Here we want to run an array job where there are N almost identical jobs that differ only in the input parameters.

In this example we use 1 CPU per task but you can obviously use more (see the multi-threaded task example)

See our introductory course for more details

The important things to know are:

How long do I expect each individual job to run for?
How much memory do I think I need per individual job?
How many array elements do I have?
How am I going to prepare my inputs for the elements?
Do I want e-mail notifications?
What modules (or other software) do I need to load?

#!/bin/bash

#SBATCH --cpus-per-task 1
#SBATCH --mem 8G
#SBATCH --partition cpu
#SBATCH --time 12:00:00
#SBATCH --array=1-100

#SBATCH --account ulambda_gruyere
#SBATCH --mail-type END,FAIL 
#SBATCH --mail-user ursula.lambda@unil.ch

# Extract the parameters from a file (one line per job array element)

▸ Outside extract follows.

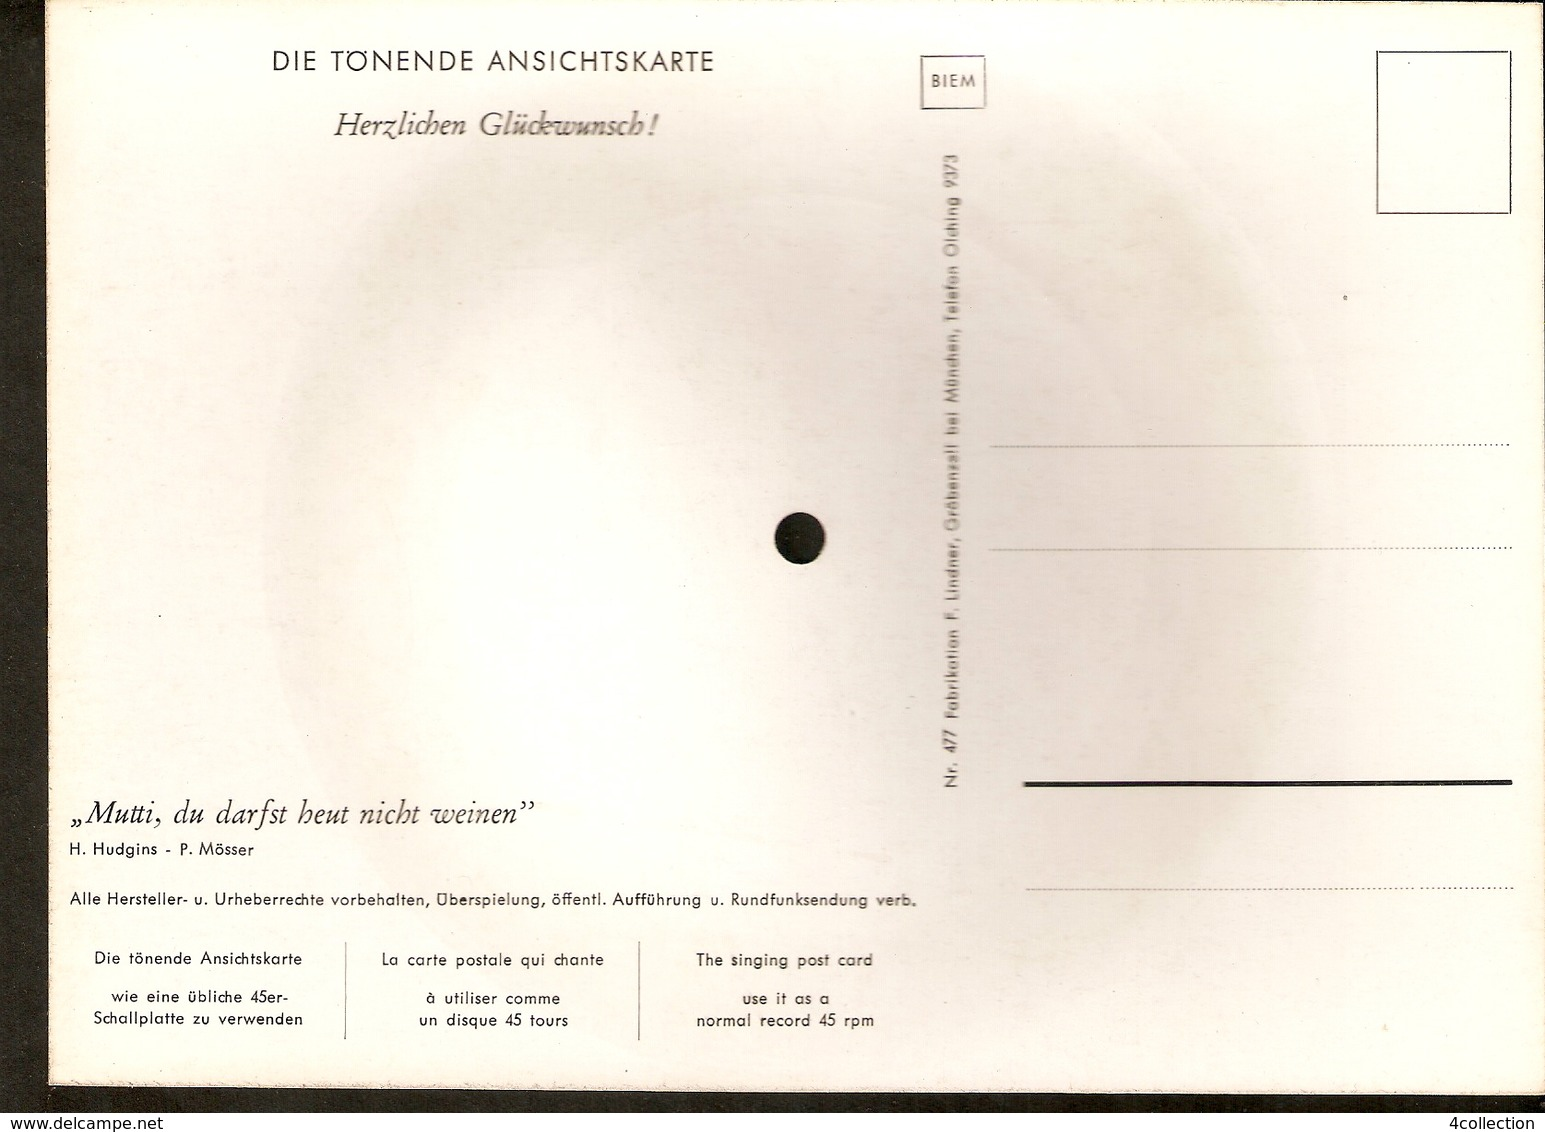 Old Musical 45rpm Record Postcard Herzlichen Gluckwunsch Hudgins Mosser Mutti Du Darfst Heut Nicht Weinen - Unclassified

INPUT=$(sed -n ${SLURM_ARRAY_TASK_ID}p in.list)

# Load the required software: e.g.
# module purge
# module load gcc

Multi-threaded tasks

Here we want to use a tool that makes use of more than one CPU at a time.

The important things to know are:

How long do I expect the job to run for?
How much memory do I think I need?
How many cores can the task use efficiently?
How do I tell the code how many cores/threads it should use?
Do I want e-mail notifications?
What modules (or other software) do I need to load?

Note that on the DCSR clusters the variable OMP_NUM_THREADS is set to the same value as cpus-per-task but here we set it explicitly as an example

#!/bin/bash

#SBATCH --cpus-per-task 8
#SBATCH --mem 64G
#SBATCH --partition cpu
#SBATCH --time 12:00:00

#SBATCH --account ulambda_gruyere
#SBATCH --mail-type END,FAIL 
#SBATCH --mail-user ursula.lambda@unil.ch

# Set the number of threads for OpenMP codes

export OMP_NUM_THREADS=$SLURM_CPUS_PER_TASK

# Load the required software: e.g.
# module purge
# module load gcc

MPI tasks

Here we want to use code that uses MPI to allow for distributed memory parallel calculations.

The important things to know are:

How mank ranks (MPI tasks) do I want to run?
How does my code performance scale as I increase the number of ranks?
How much memory do I think I need per rank?
How long do I expect the job to run for?
Do I want e-mail notifications?
What modules (or other software) do I need to load?

Here we give the example of a code that we know runs efficiently with ~100 ranks so we choose 96 as this completely fills two compute nodes.

With MPI tasks always choose a number of tasks that entirely fills nodes: 48 / 96 / 144 / 192 etc - this is where the --ntasks-per-node directive is useful.

As we know that we are using the entire node it makes sense to ask for all the memory even if we don't need it.

#!/bin/bash

#SBATCH --nodes 2
#SBATCH --ntasks-per-node 48 
#SBATCH --cpus-per-task 1
#SBATCH --mem 500G
#SBATCH --partition cpu
#SBATCH --time 12:00:00

#SBATCH --account ulambda_gruyere
#SBATCH --mail-type END,FAIL 
#SBATCH --mail-user ursula.lambda@unil.ch

# Load the required software: e.g.
# module purge
# module load gcc mvapich2

# MPI codes must be launched with srun

srun mycode.x

Hybrid MPI/OpenMP tasks

Here we want to run a hybrid MPI/OpenMP code where each MPI rank uses OpenMP for shared memory parallelisation.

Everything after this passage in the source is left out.